The former chair of the NHS trust where the serial killer Lucy Letby worked has said the board was “misled” by hospital executives.
Sir Duncan Nichol, who was the board’s chair, said it was told there was “no criminal activity pointing to any one individual” after two hospital-commissioned reviews in late 2016.
However, neither of these reviews was designed to investigate the concerns of senior doctors that Letby might be behind a series of unexplained baby deaths on the neonatal unit where she worked.
Letby, 33, was on Friday found guilty of murdering seven babies and trying to kill another six at the Countess of Chester hospital between June 2015 and June 2016. She was cleared of two counts of attempted murder and a jury was unable to reach verdicts on a further six attempted murder charges.
A government-commissioned inquiry will examine why the children’s nurse was allowed to continue on the unit despite senior doctors raising concerns about her for months.
Executives who had spent months saying there was no evidence against Letby commissioned two reviews following her removal from the unit in July 2016.
One of the reviews, by the Royal College of Paediatrics and Child Health, was into the general operation of the neonatal unit but recommended a “thorough external independent review of each unexpected neonatal death”.
The hospital then asked Dr Jane Hawdon, a neonatologist, to examine the case notes of a number of babies who had died between 2015 and 2016.
Hawdon is understood to have told Ian Harvey, the hospital’s medical director, that she did not have the time to conduct the thorough investigation the royal college had recommended.
Her five-page report, which the Guardian has seen, was completed in October 2016 and suggested a “broader forensic review” into the deaths of four babies because “after independent clinical review these deaths remain unexpected and unexplained”.

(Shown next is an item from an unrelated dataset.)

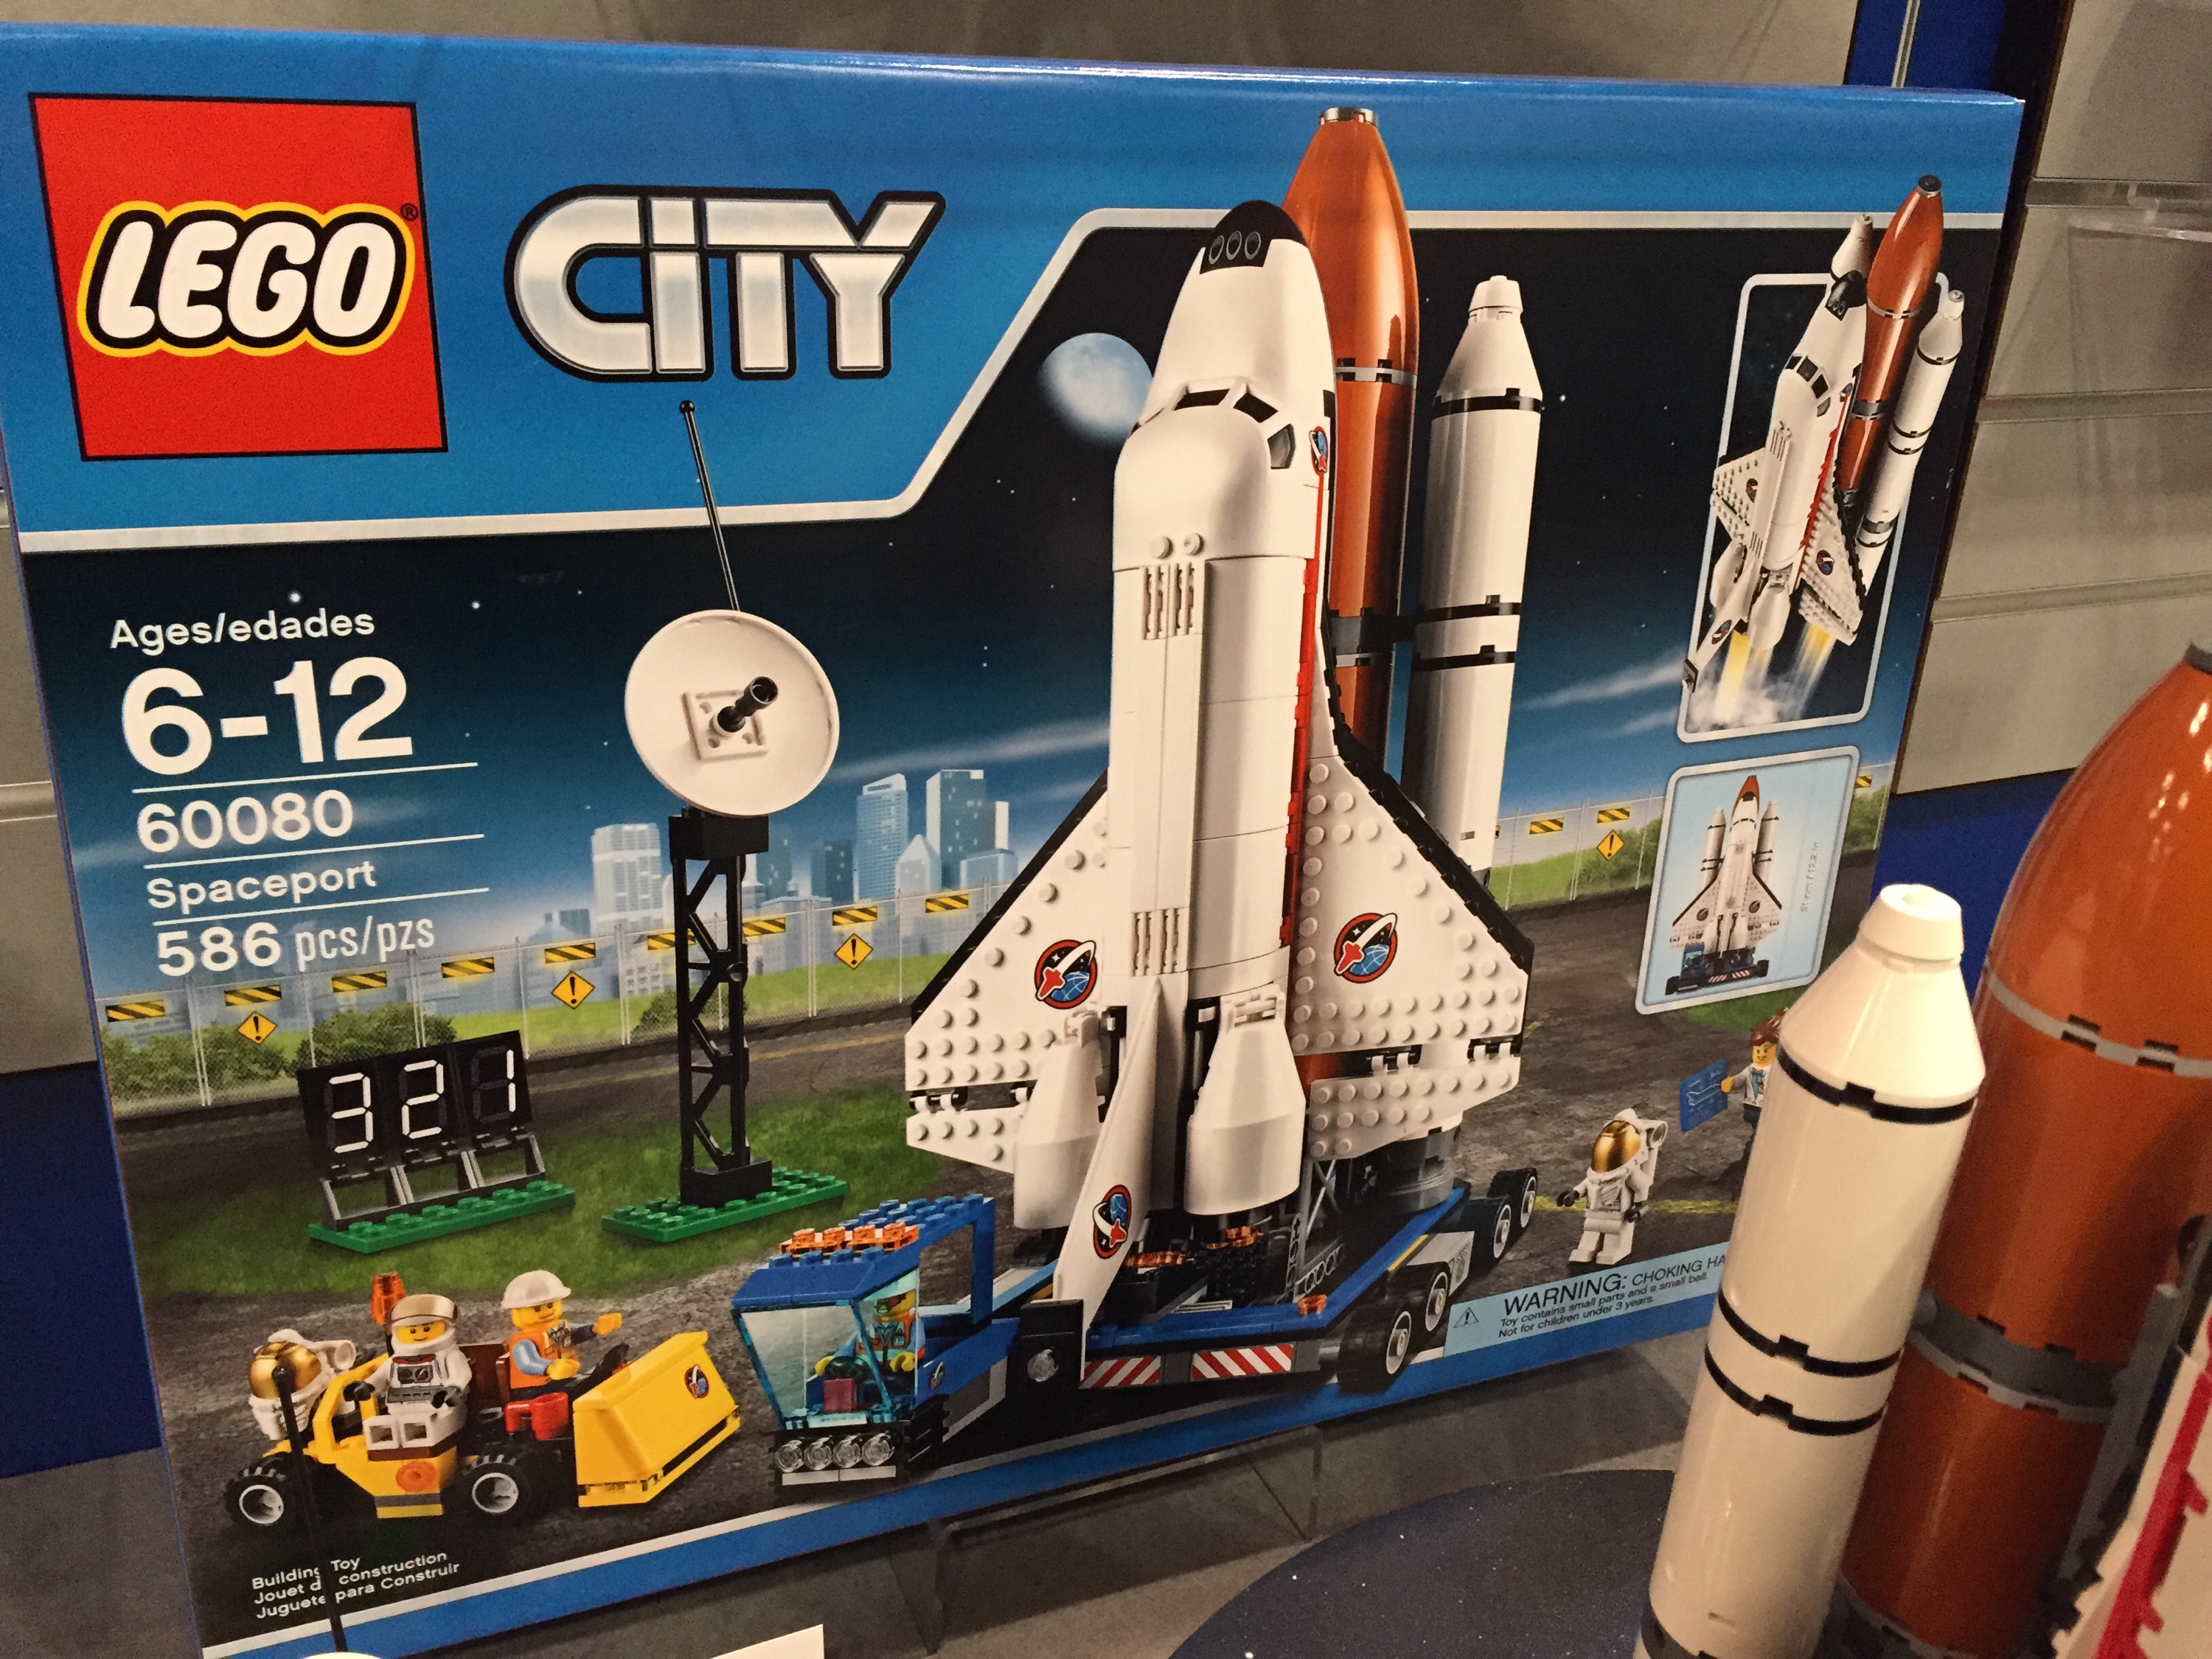 Torden dash Alabama LEGO Spaceport 60080 Summer 2015 Set Photos Preview! - Bricks and Bloks

Nichol, who announced his retirement from the trust in November 2019, said in a statement to the BBC: “I believe that the board was misled in December 2016 when it received a report on the outcome of the external, independent case reviews.

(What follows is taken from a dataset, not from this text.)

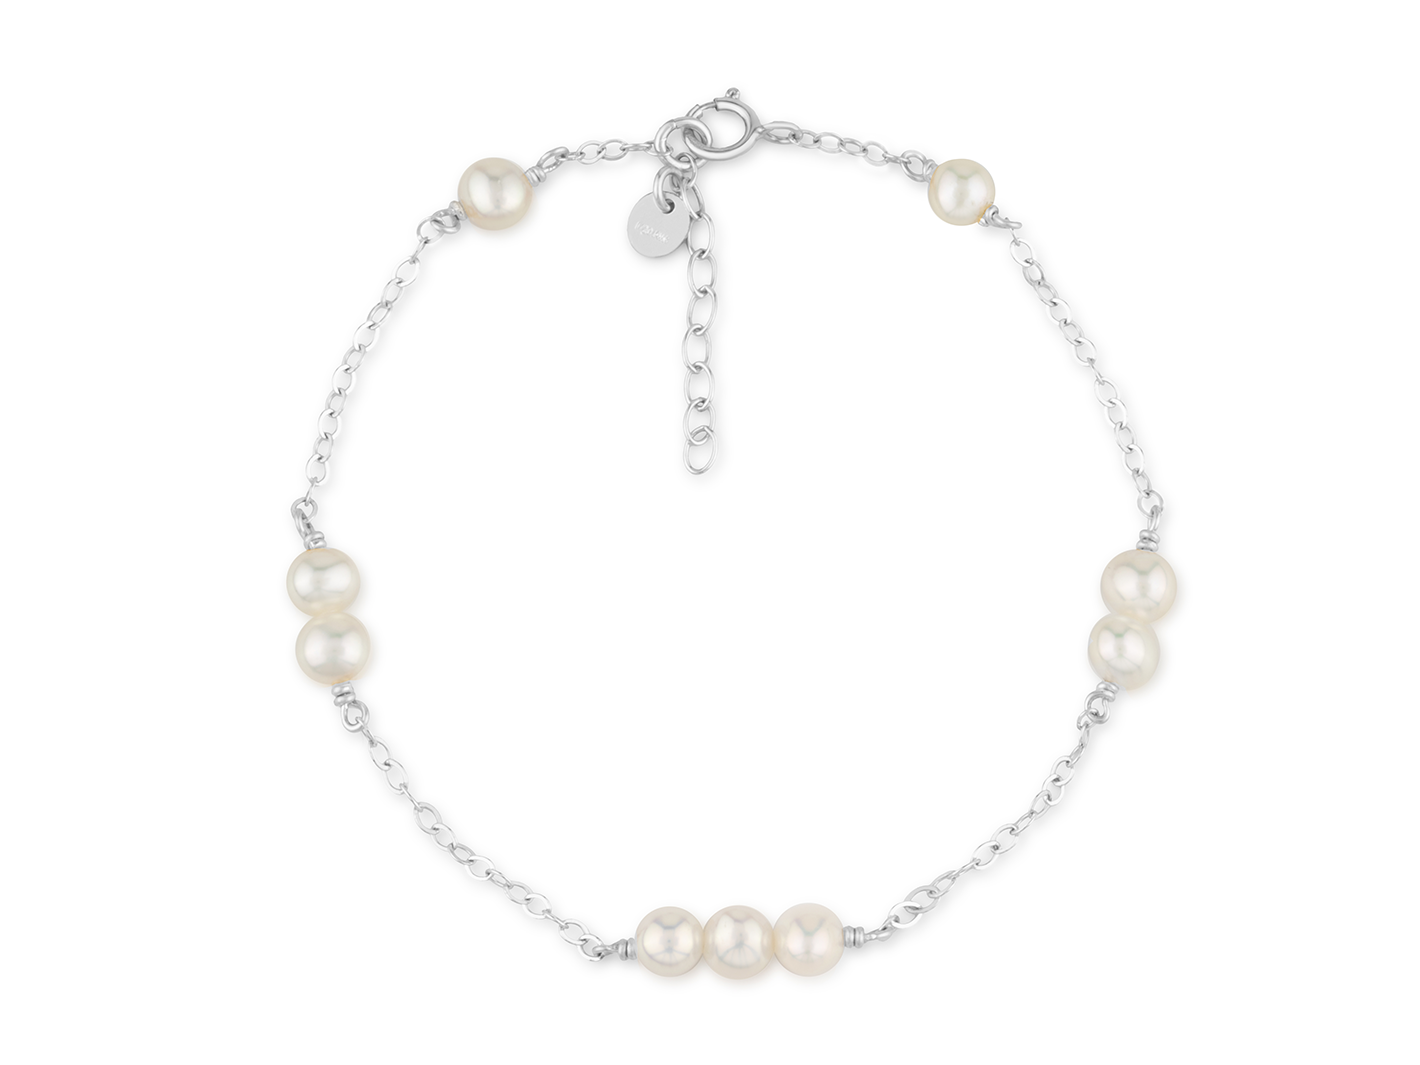 South Sea pearl bracelet - Accessories

“We were told explicitly that there was no criminal activity pointing to any one individual, when in truth the investigating neonatologist had stated that she had not had the time to complete the necessary in-depth case reviews.”
In response to Nichol’s statement, the hospital’s then chief executive, Tony Chambers, said that “what was shared with the board was honest and open and represented our best understanding of the outcome of the reviews at the time”.
In January 2017, a month after these reports were shared with the board, Chambers told senior doctors who had raised concerns about Letby that there was no evidence against her and that she would be returning to work on the neonatal unit.
Chambers ordered the consultants to apologise to the nurse and said he had spent hours talking to her and her father about the distress caused by being removed from the premature baby unit in July 2016.
He told the consultant paediatricians to “draw a line” under the matter and said Letby’s father had threatened to refer the doctors to the General Medical Council unless they dropped their concerns. Following the verdicts, Chambers has said he is deeply saddened by what has come to light and that he will cooperate fully and openly with the inquiry.
Meanwhile the Sunday Times reported Letby was even offered a placement at Alder Hey children’s hospital by health service managers and support for a master’s degree or advanced nurse training after she brought a grievance procedure in September 2016. However a spokesperson for the hospital told the paper it had no record of being approached about Letby.